The bureau should have taken a targeted approach, Land said.

“A far better solution would be to have the Bureau of Prisons personnel, working in conjunction with our federal chaplains in each prison, to identify and remove from circulation only those materials which incite hatred and violence, as opposed to the current policy,” he said.

Mark Earley, president of Prison Fellowship, also criticized the approach as overkill but said the Washington-area ministry is attempting to help the Department of Justice and the Bureau of Prisons recognize the policy’s defects and rescind it.

“There’s no need to get rid of literally hundreds of thousands of quality books simply because you have a problem with an isolated book or piece of literature that presents extremism,” Earley said in a written statement. “Prison Fellowship continues to work with BOP officials to develop a process that will remove materials that advocate violence and hate without impeding access to wholesome, faith-filled books that will help inmates change their lives.”

Bureau of Prisons spokeswoman Traci Billingsley defended the policy. “We really wanted consistently available information for all religious groups to assure reliable teachings as determined by reliable subject experts,” she said, according to The Times.

The list of approved books for Christianity and other religions is available only through Freedom of Information Act requests, a Bureau of Prisons spokeswoman told Baptist Press. She also said the names of the specialists who helped produce the approved lists of resources have not been released.
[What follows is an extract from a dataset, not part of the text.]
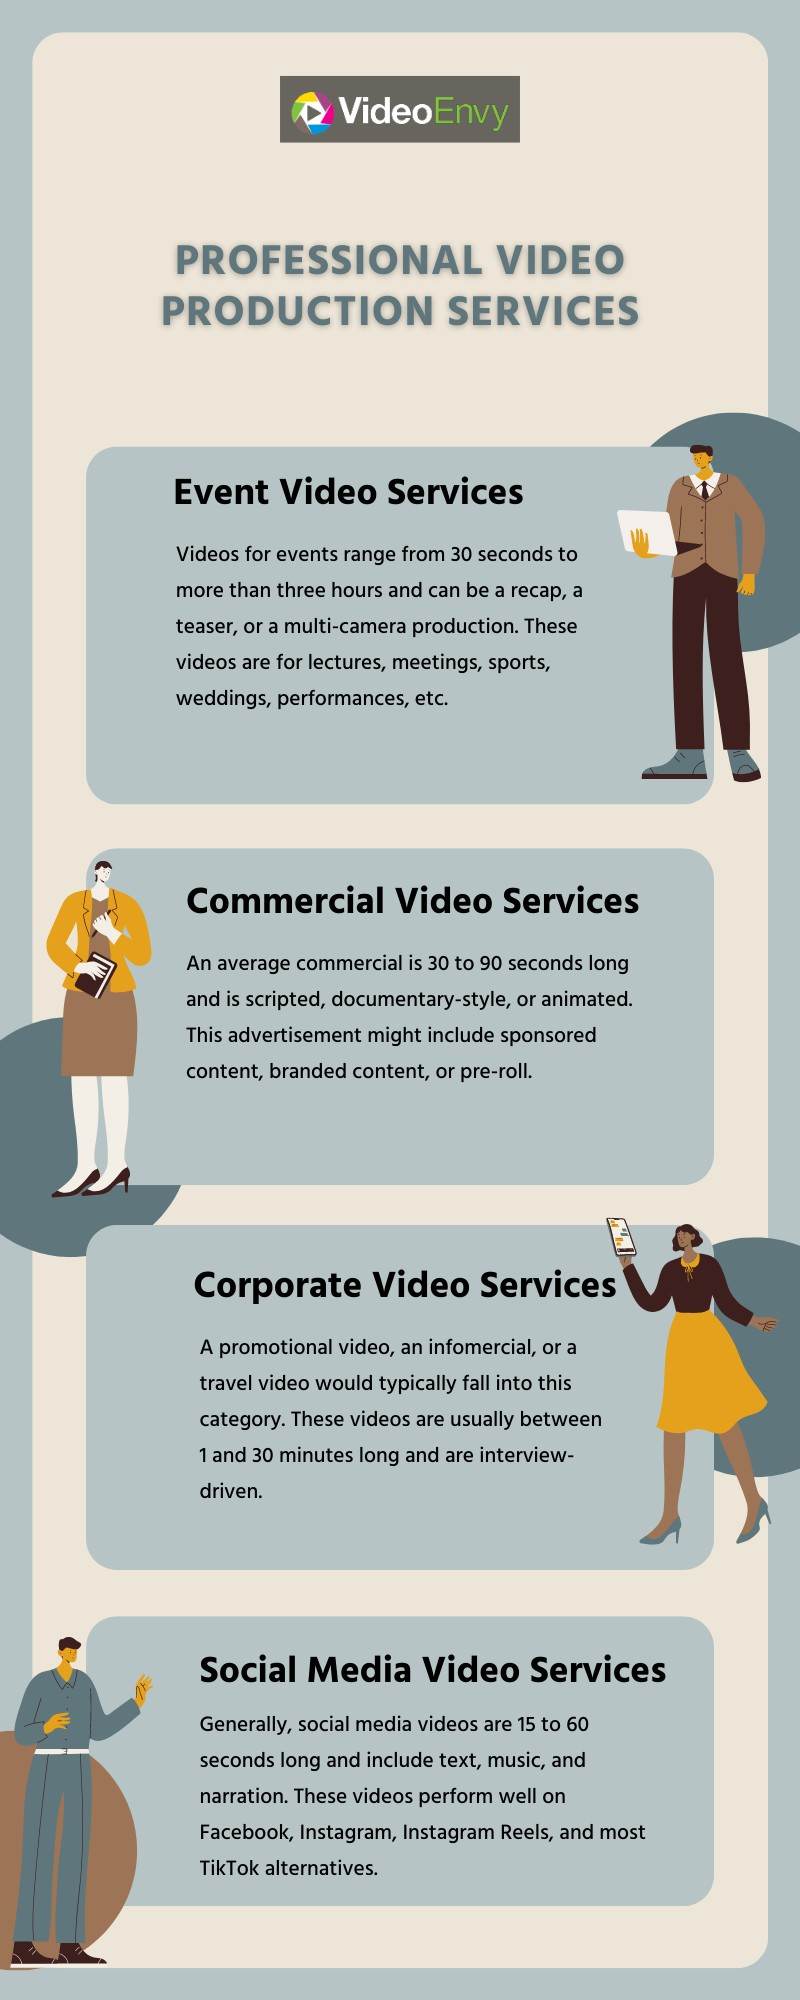 Professional Video Production Services Houston

The lists include nine books by C.S. Lewis and at least one by German pastor and writer Dietrich Bonhoeffer but none by theologians Karl Barth and Reinhold Niebuhr, The Times reported. “The Purpose-Driven Life,” a best-seller by Southern Baptist pastor Rick Warren, was removed from a New York prison, AP reported, apparently indicating it is not on the list of approved books.
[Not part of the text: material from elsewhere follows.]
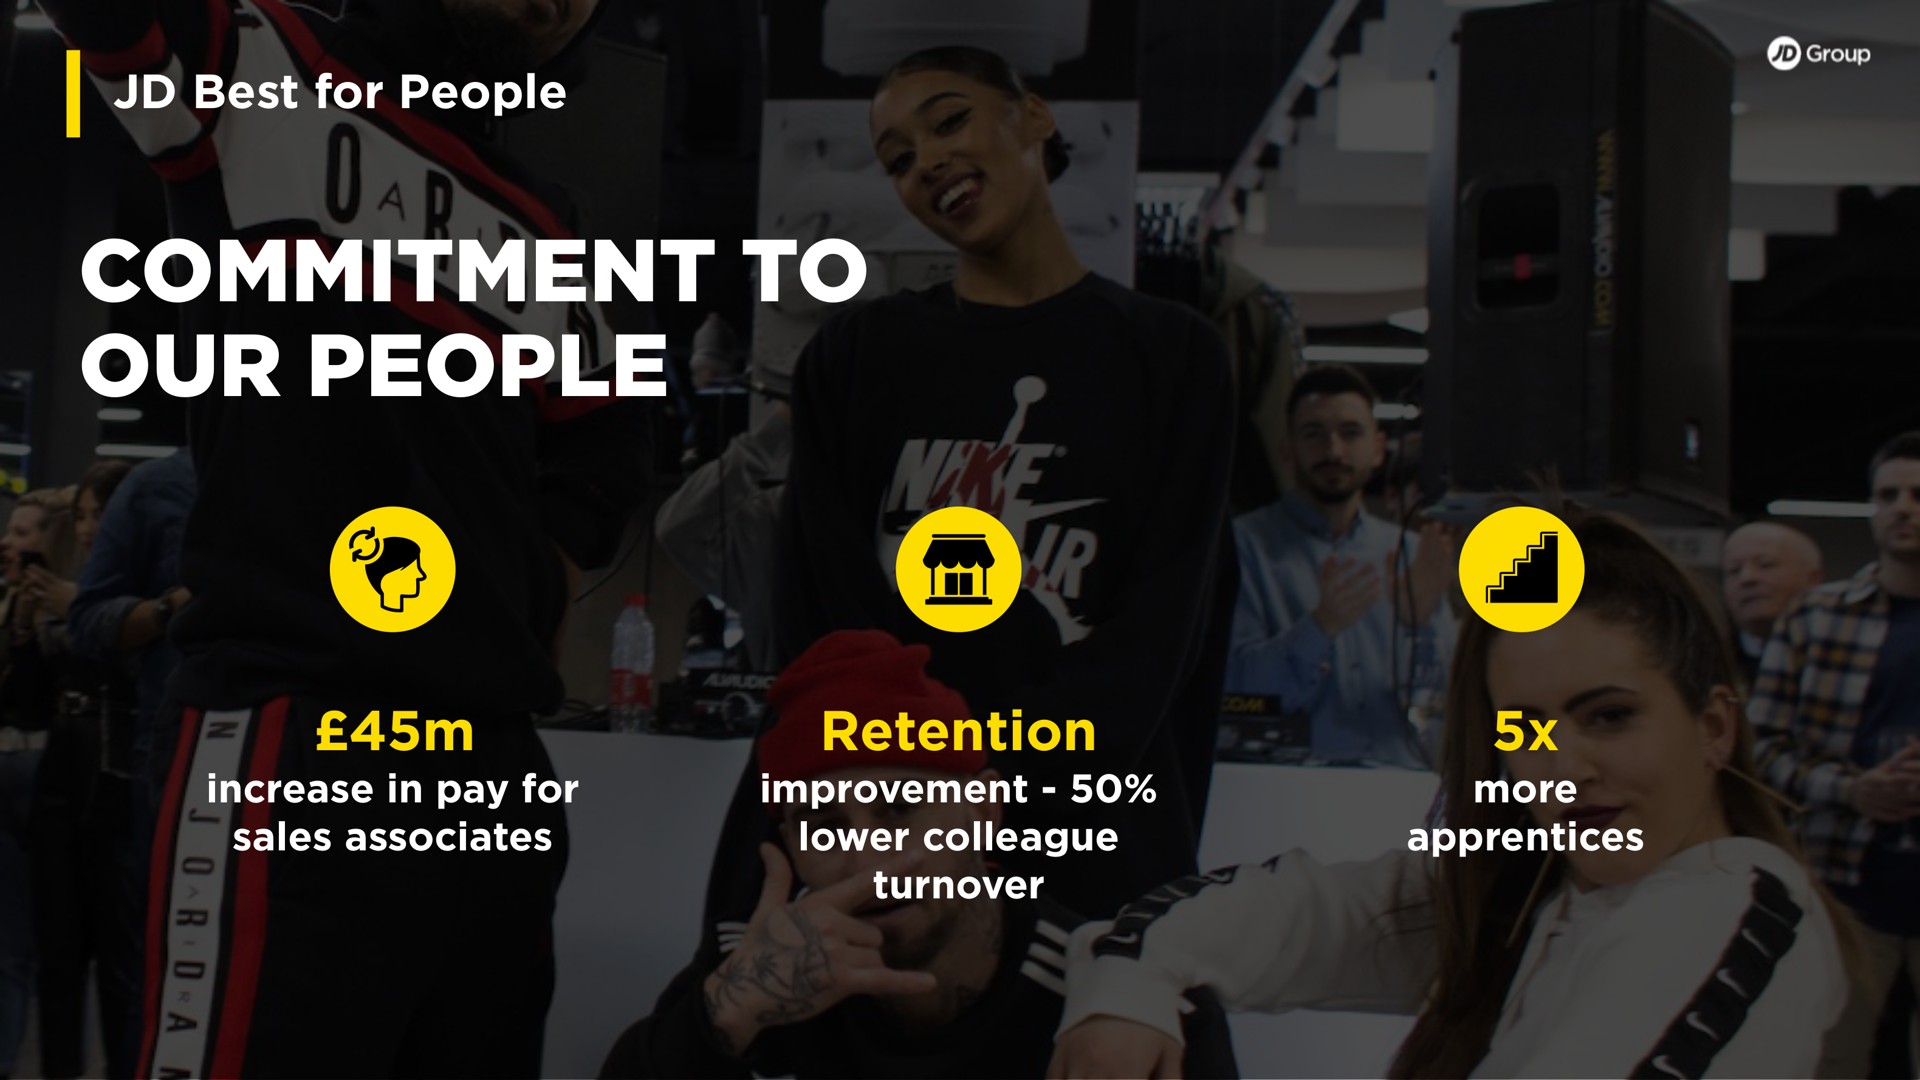 best for people commitment to our people increase in pay for sales associates retention improvement lower colleague turnover more apprentices | JD Sports

The lists will be enlarged in October, Billingsley told The Times.

Two inmates, one an Orthodox Jew and the other a Protestant, from the prison in Otisville, N.Y., filed a class-action suit in federal court in August contending that the policy infringes on their rights to freely exercise their religion, according to AP. They originally had brought suit in June but withdrew it after a judge said they should complain to prison officials first, AP reported.

“The set of books that have been taken out have been ones that we used to minister to new converts when they come in here,” said John Okon, the Christian inmate who is a party in the suit, according to AP. He described the new policy as regrettable because he has “really seen religion turn around the life of some of these men, especially in the Christian community.”
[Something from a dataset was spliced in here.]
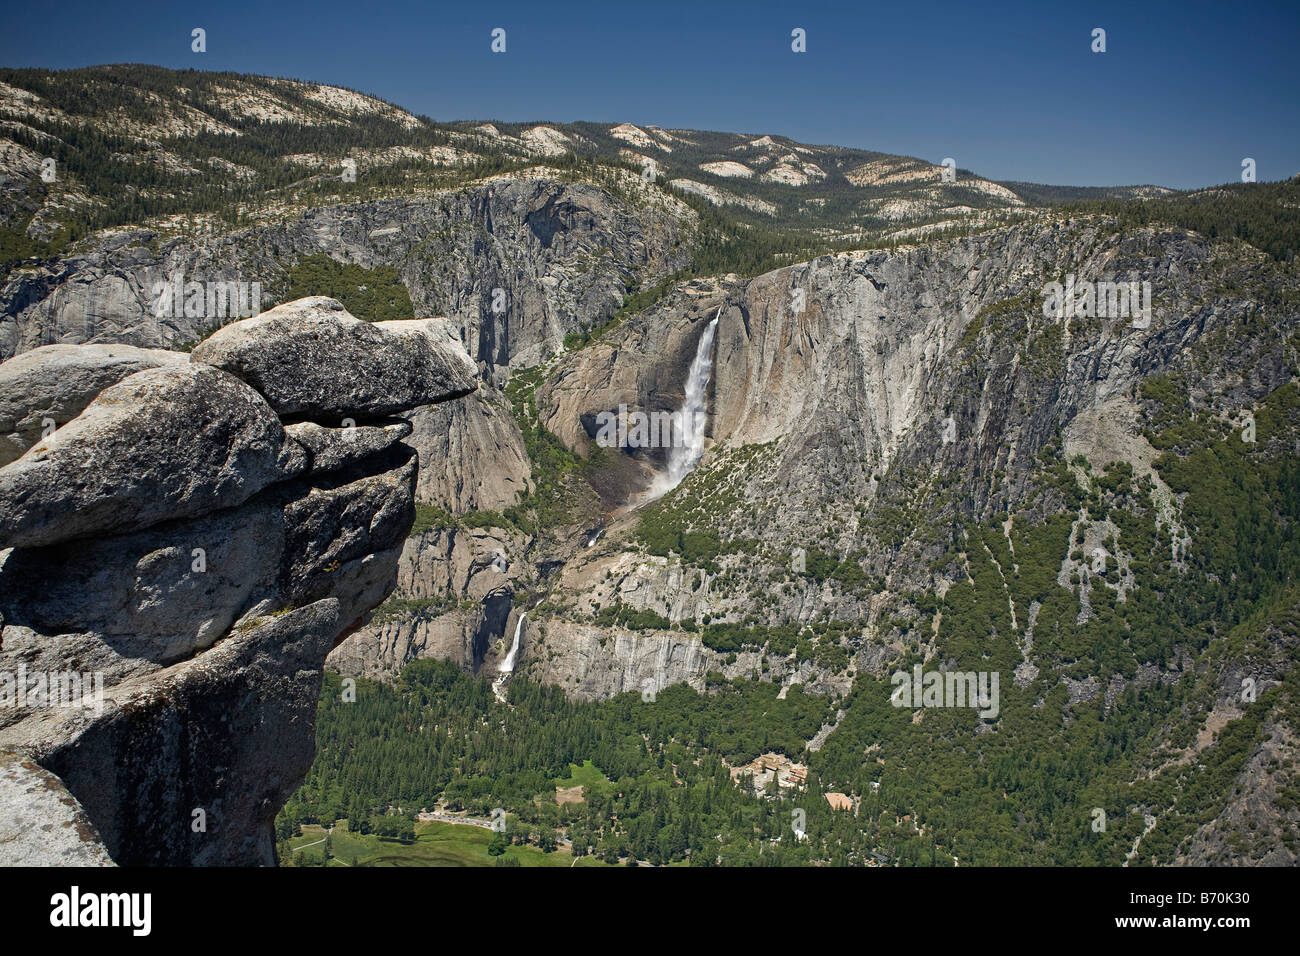 CALIFORNIA - Upper and Lower Yosemite Falls and the Yosemite Valley from Glacier Point in Yosemite National Park. Stock Photo

The study released in 2004 was undertaken because of fear that prisons “had been radicalized by inmates who were practicing or espousing various extreme forms of religion, specifically Islam, which exposed security risks to the prisons and beyond the prisons to the public at large,,” Assistant U.S. Attorney General Brian Feldman told a federal judge in the original case in June, AP reported. The report found prison chapel libraries do not receive sufficient oversight, he said.
Tom Strode is the Washington bureau chief for Baptist Press.